* _Task objective_: Your answer should hold exactly the lines below from the line with "Sadegh TABRIZI (Téhéran" through the line with "Transparent eyewear fashion", both included, and no pictures at all.

* _Data records_:
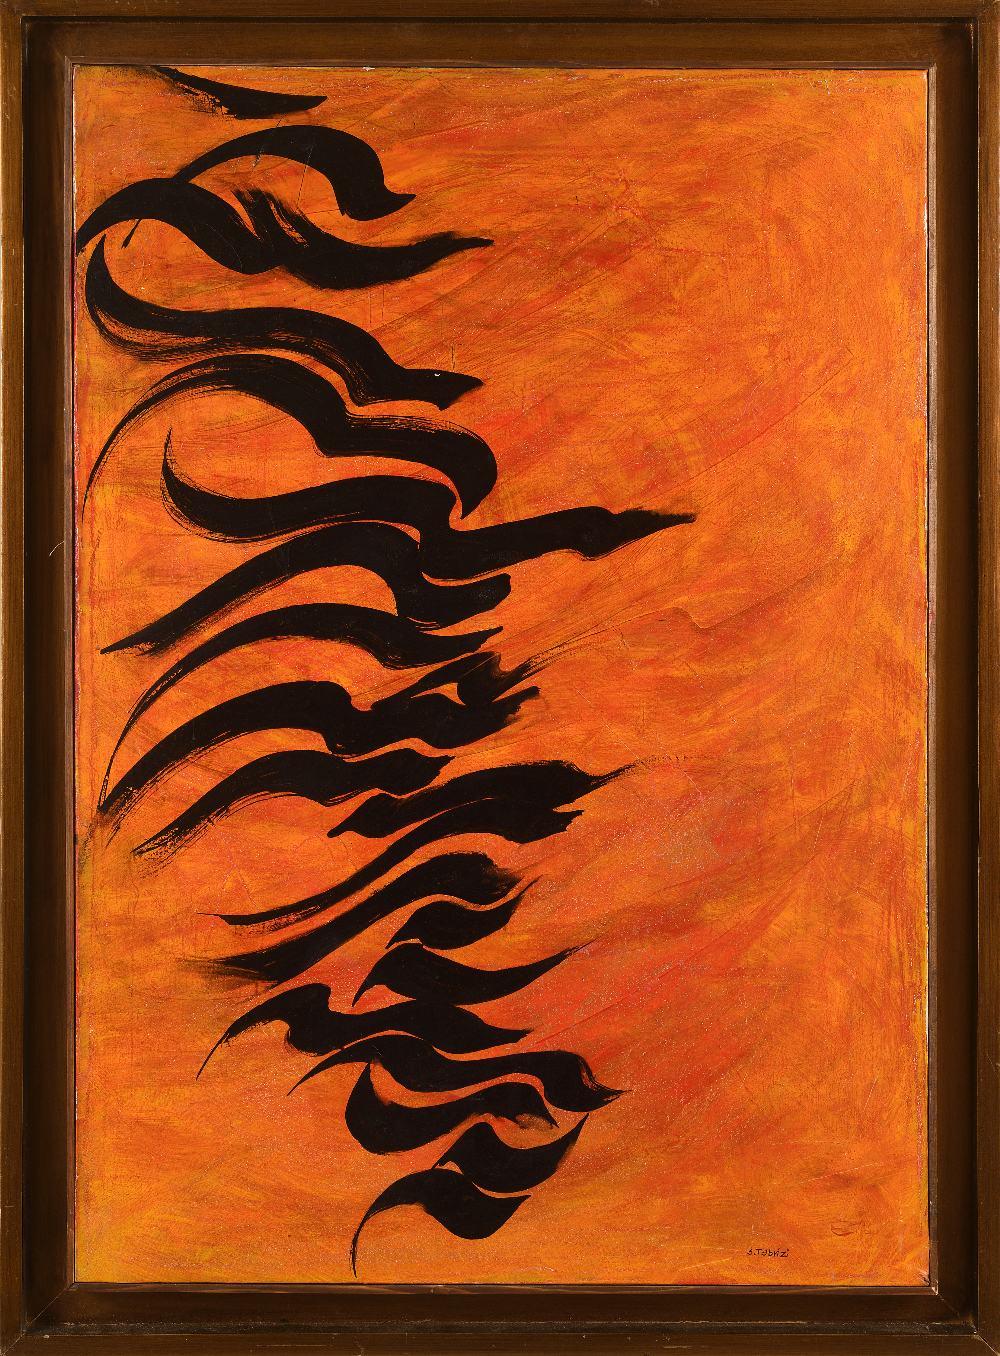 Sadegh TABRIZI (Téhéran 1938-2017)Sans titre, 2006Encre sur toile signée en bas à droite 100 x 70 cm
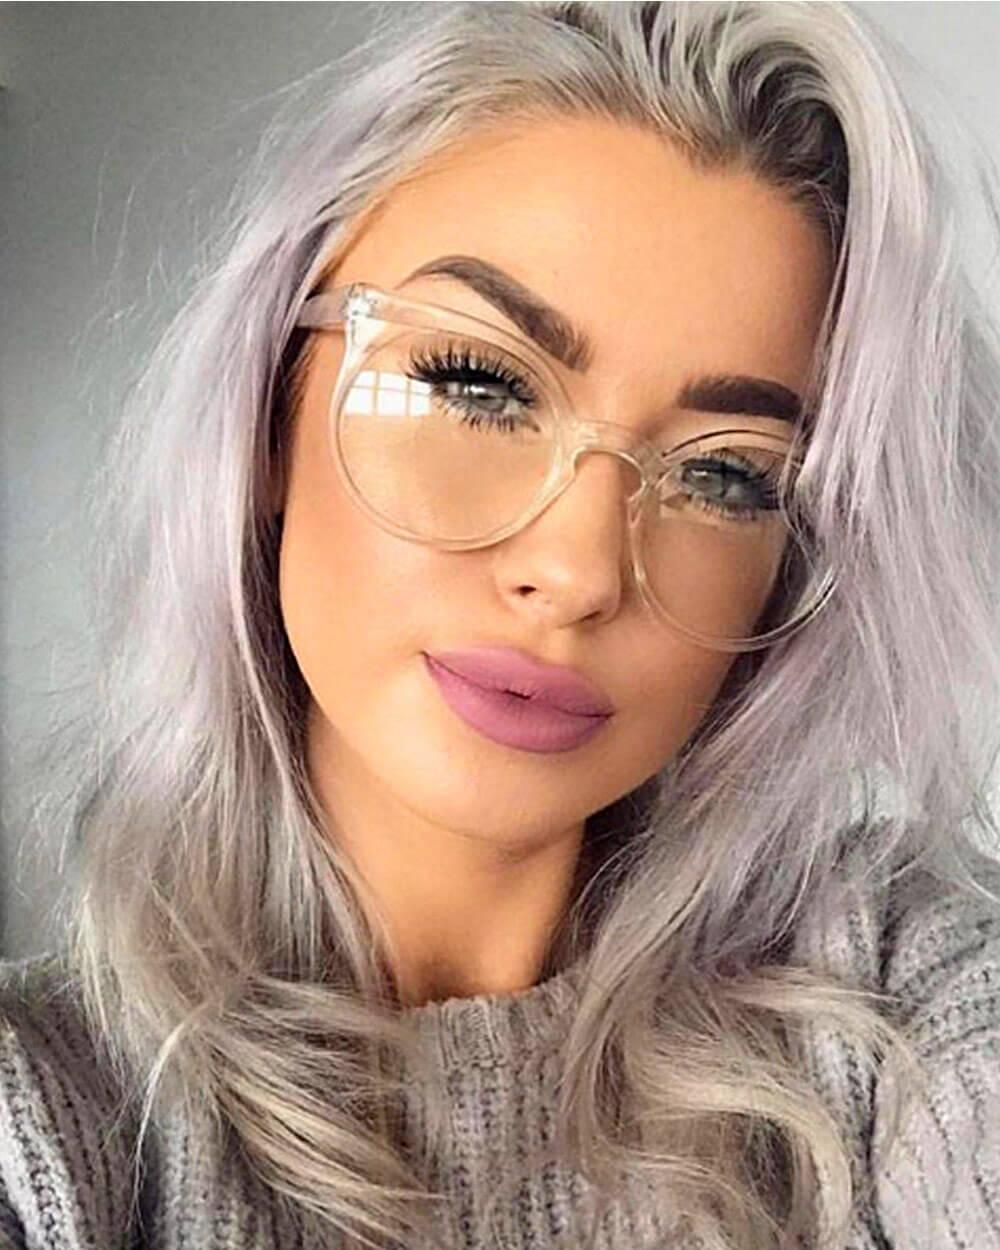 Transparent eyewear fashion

* * *

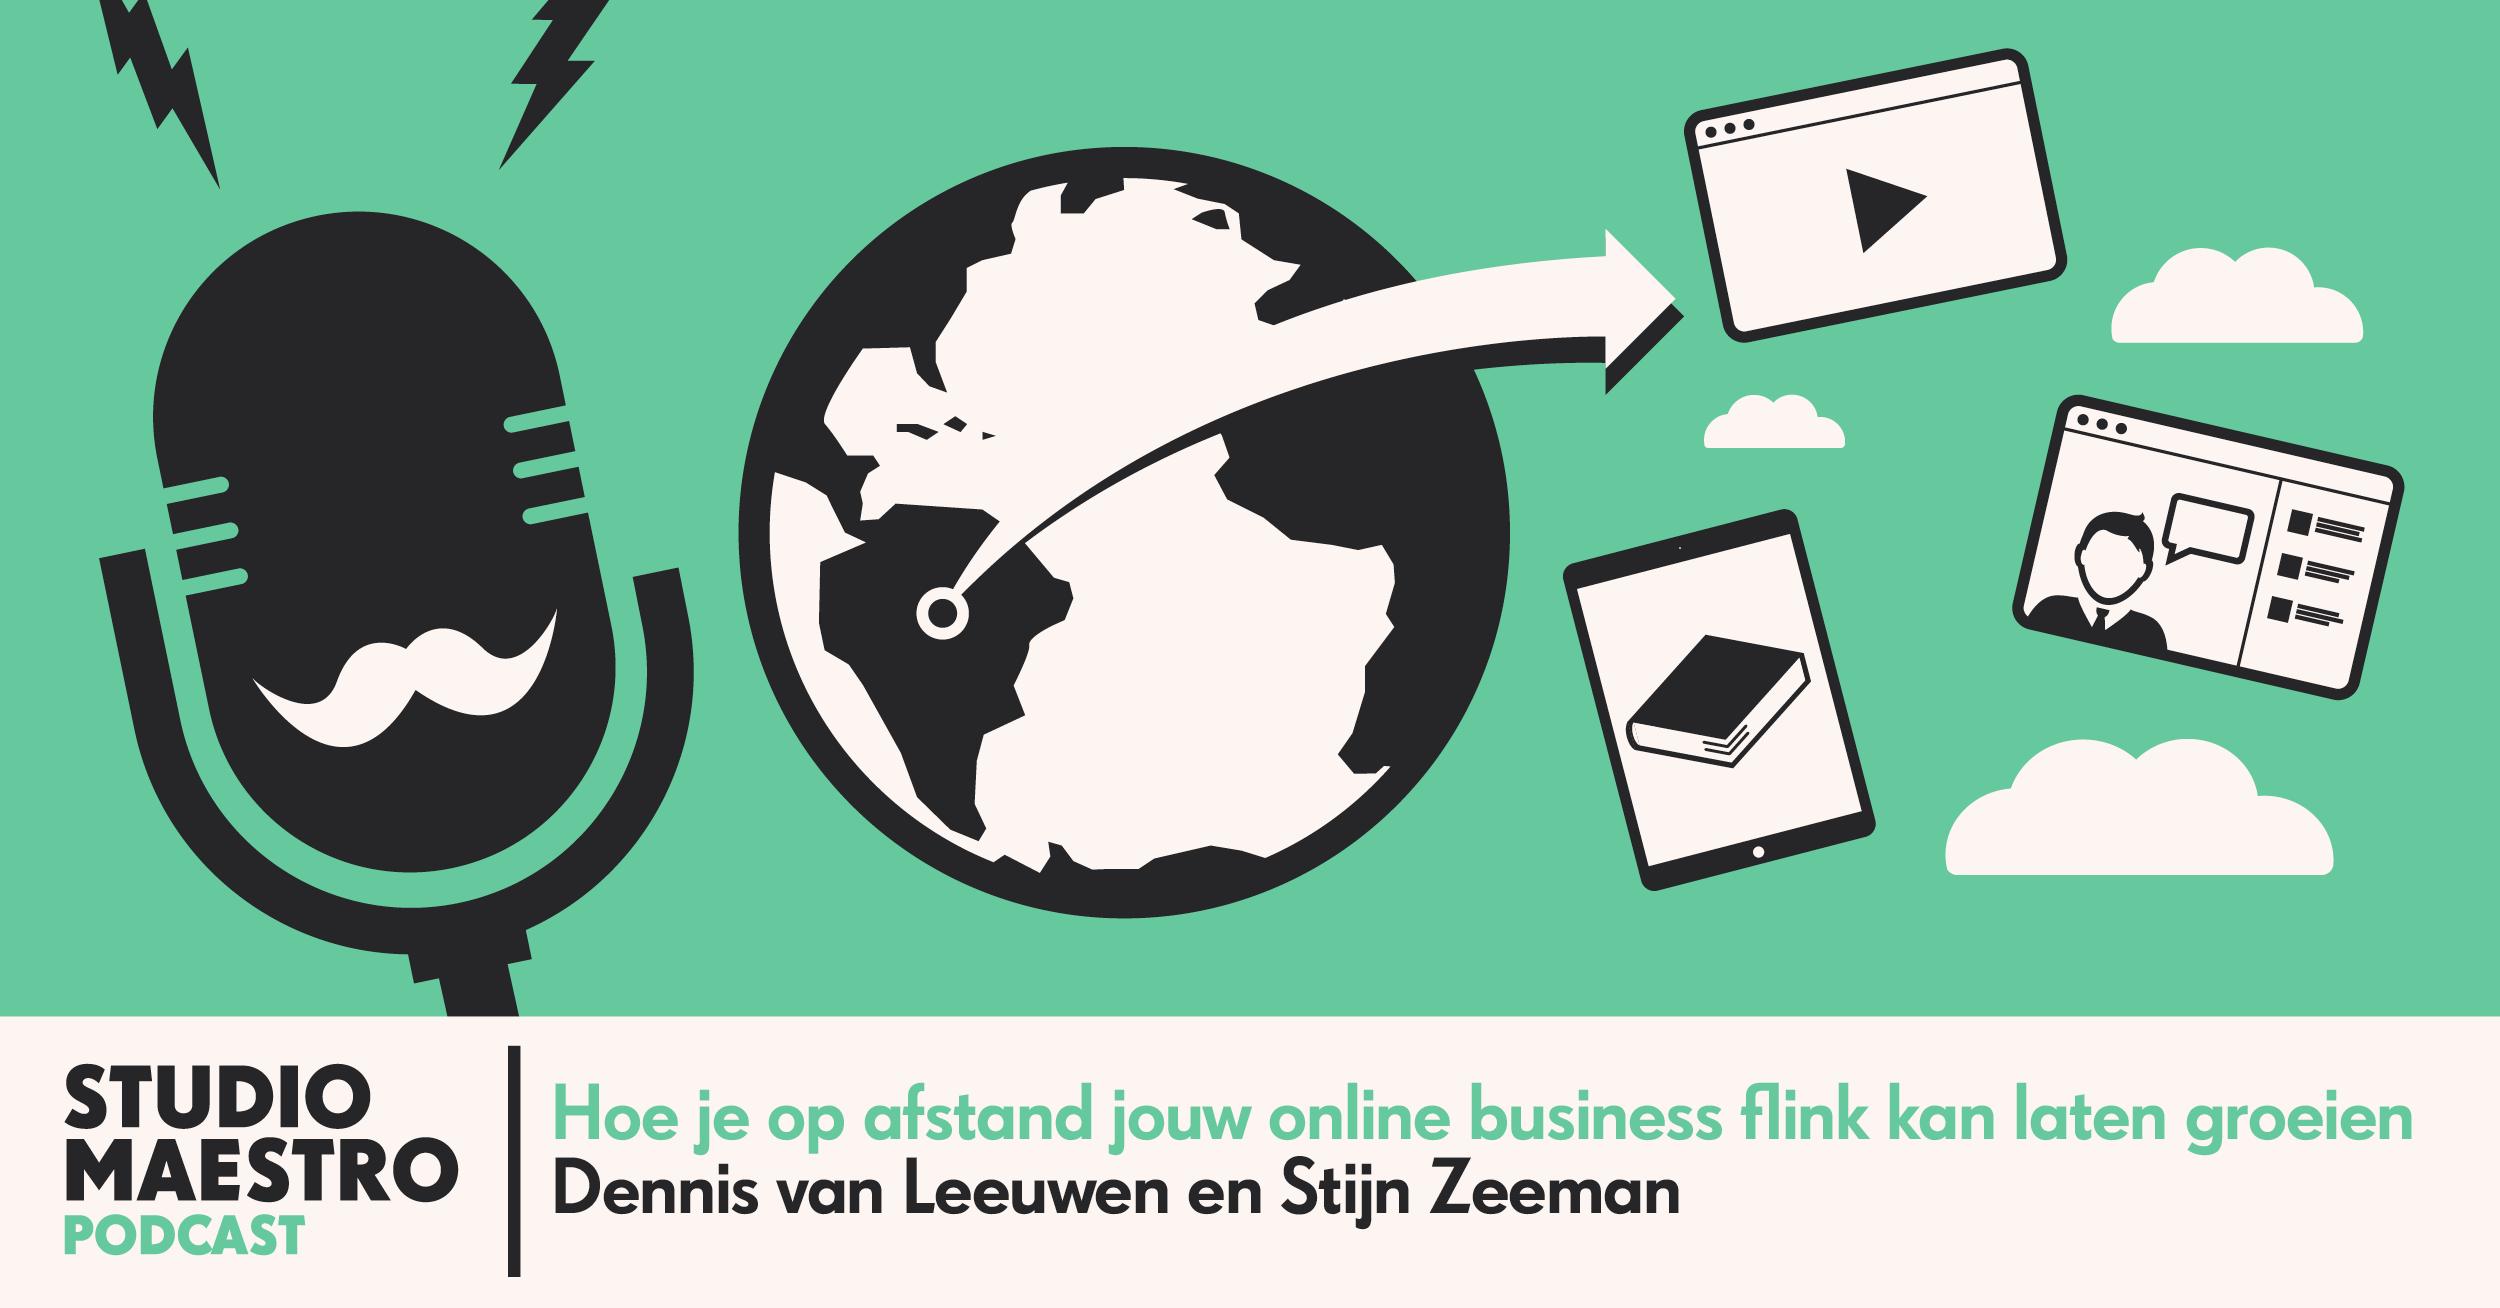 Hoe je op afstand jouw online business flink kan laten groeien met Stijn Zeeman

* _Problem solution_:
 Sadegh TABRIZI (Téhéran 1938-2017)Sans titre, 2006Encre sur toile signée en bas à droite 100 x 70 cm
 Transparent eyewear fashion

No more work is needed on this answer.